One thing he was truly impressed by was that the teacher had gotten rid of her teacher’s desk. A move a number of teachers at our school have graduated to. The removal of teacher desks has a number of benefits including:
- Collapses the hierarchy between teacher and students, instead placing the teachers as facilitator and co-learner
- Provides additional floor space within your classroom
- If your class has tables- sitting WITH students allows to to keep closer tabs on student with higher needs
- Allows for greater flexibility in reformatting your space to meet the needs of your learners
- Minimizes clutter: one less place to store stuff!

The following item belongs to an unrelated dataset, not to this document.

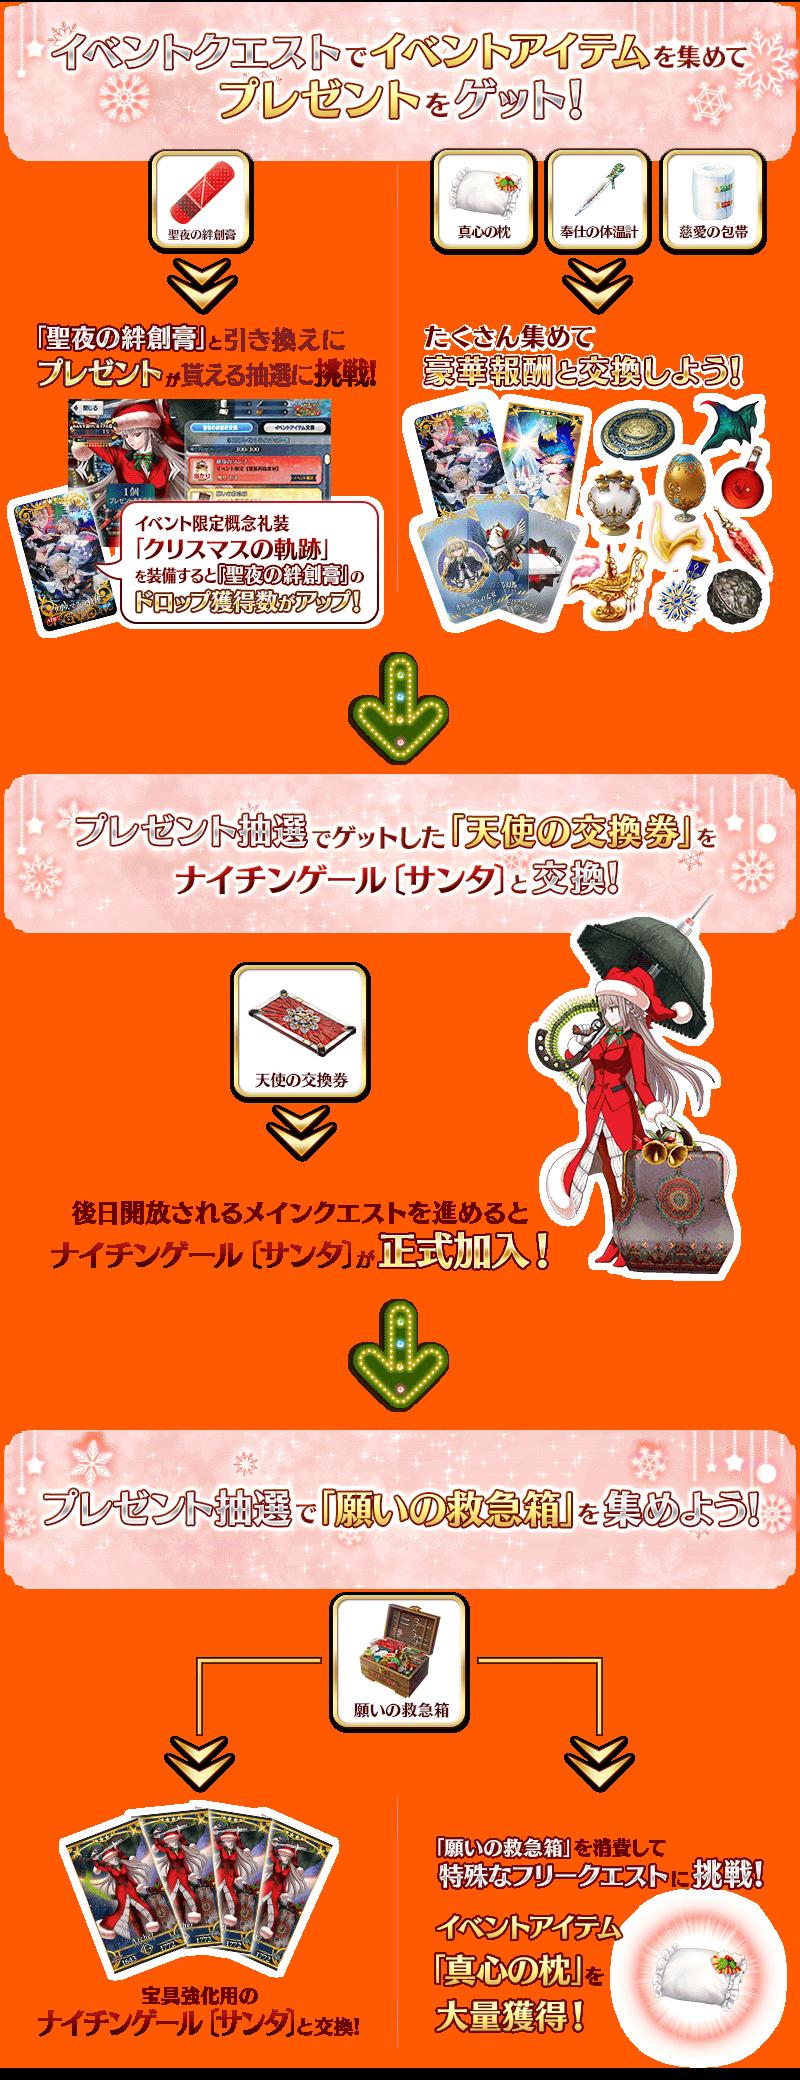 info_image_02

The parent explained that the Scandinavian company he worked for had undergone similar changes in their office. The company wanted to change their culture and foster collaboration so they moved away from assigned cubicles. They wanted this shift to affect all levels of their staff so they even had removed the boss’ office entirely. The move had first been trailed in Scandinavia, been later implemented the U.S. and was now being put into practice here in China. The change had been accepted at various speeds according the culture but they ultimately have been a success. All staff no longer had assigned seats and worked more fluidly in a collaborative environment.

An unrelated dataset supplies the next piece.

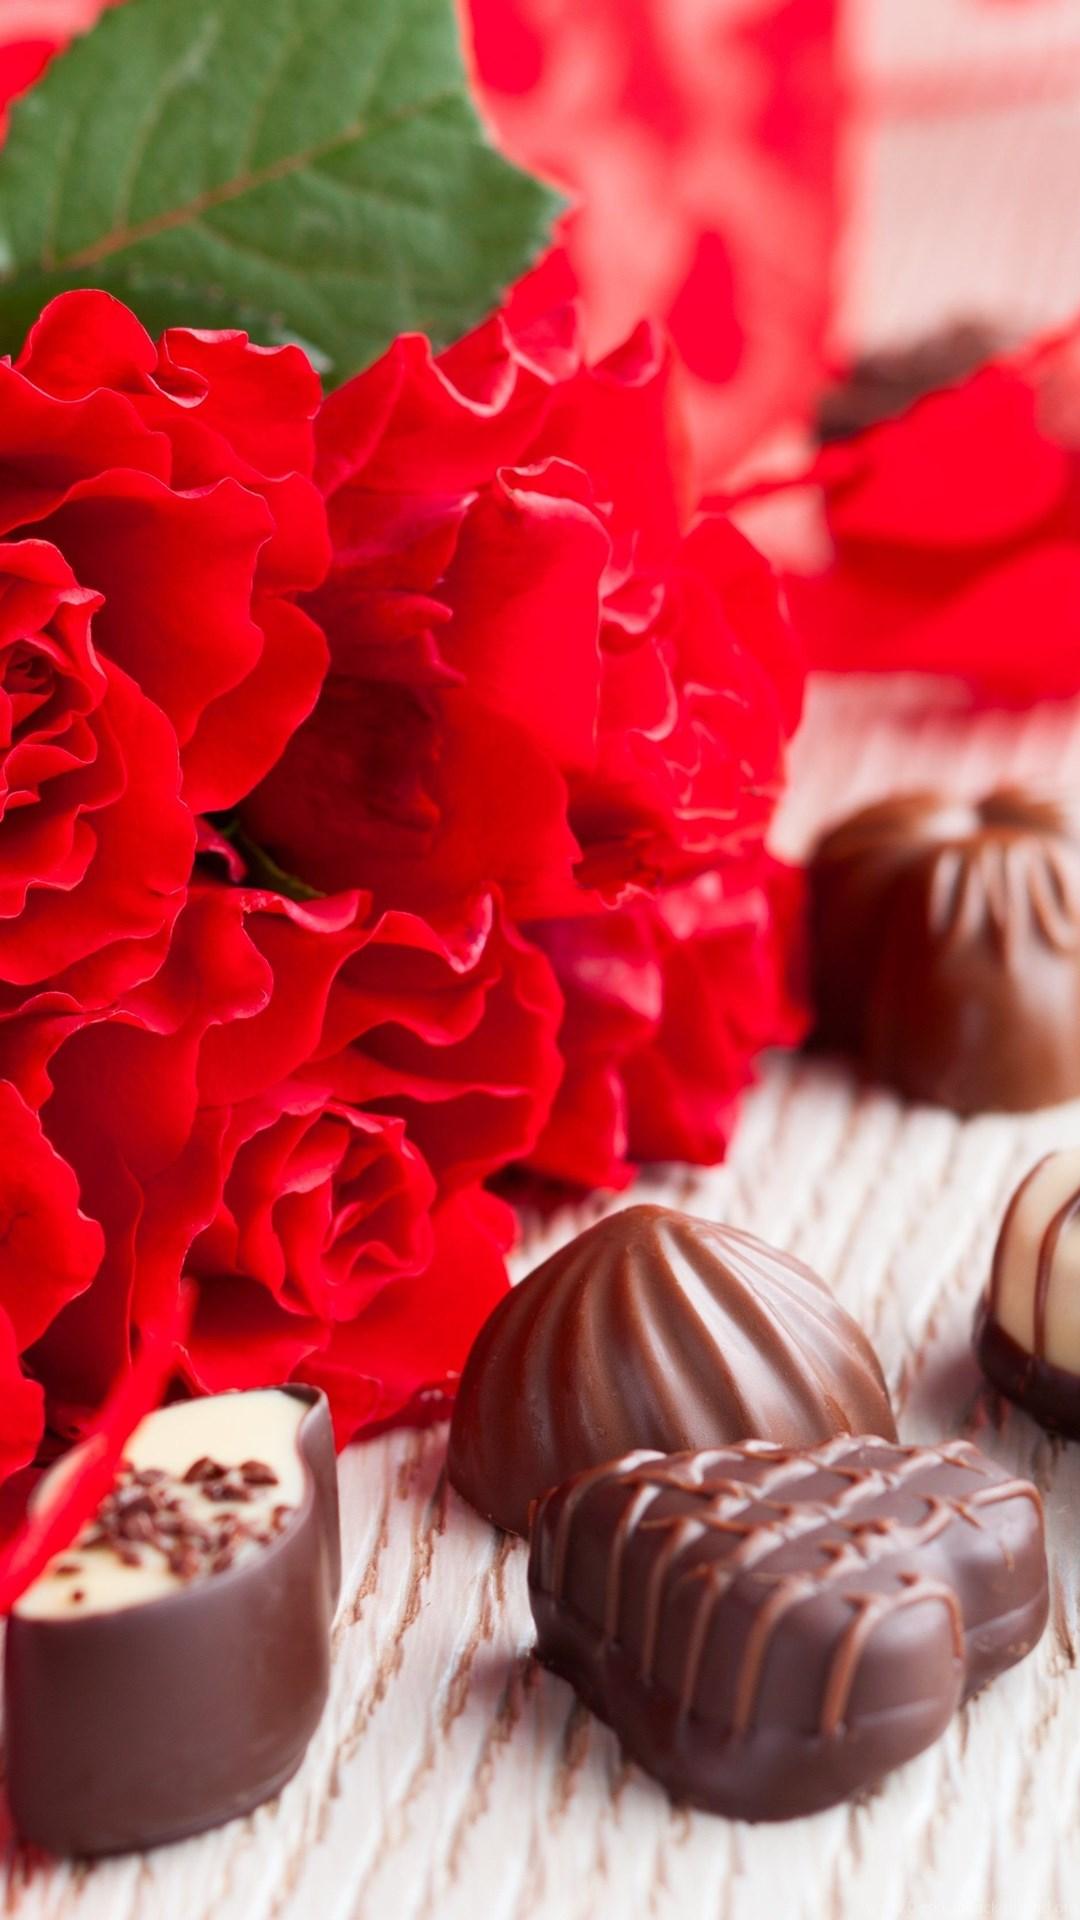 Rose Flowers Love Life Chocolate Presents Wallpapers Desktop Background

It was a very enlightening conversation and I was thrilled that a colleague shared it with me because I have been a big proponent of removing the ‘teacher’s desk’. I find them to a bit archaic and generally they act as a barrier to our connection with our students. One plausible argument against ditching the desk has often come from lower years teachers who explain student furniture is not built for them, but I believe if we design intelligent spaces we should be able to find spaces that can be defined as student centred but make room for the bodies of adults.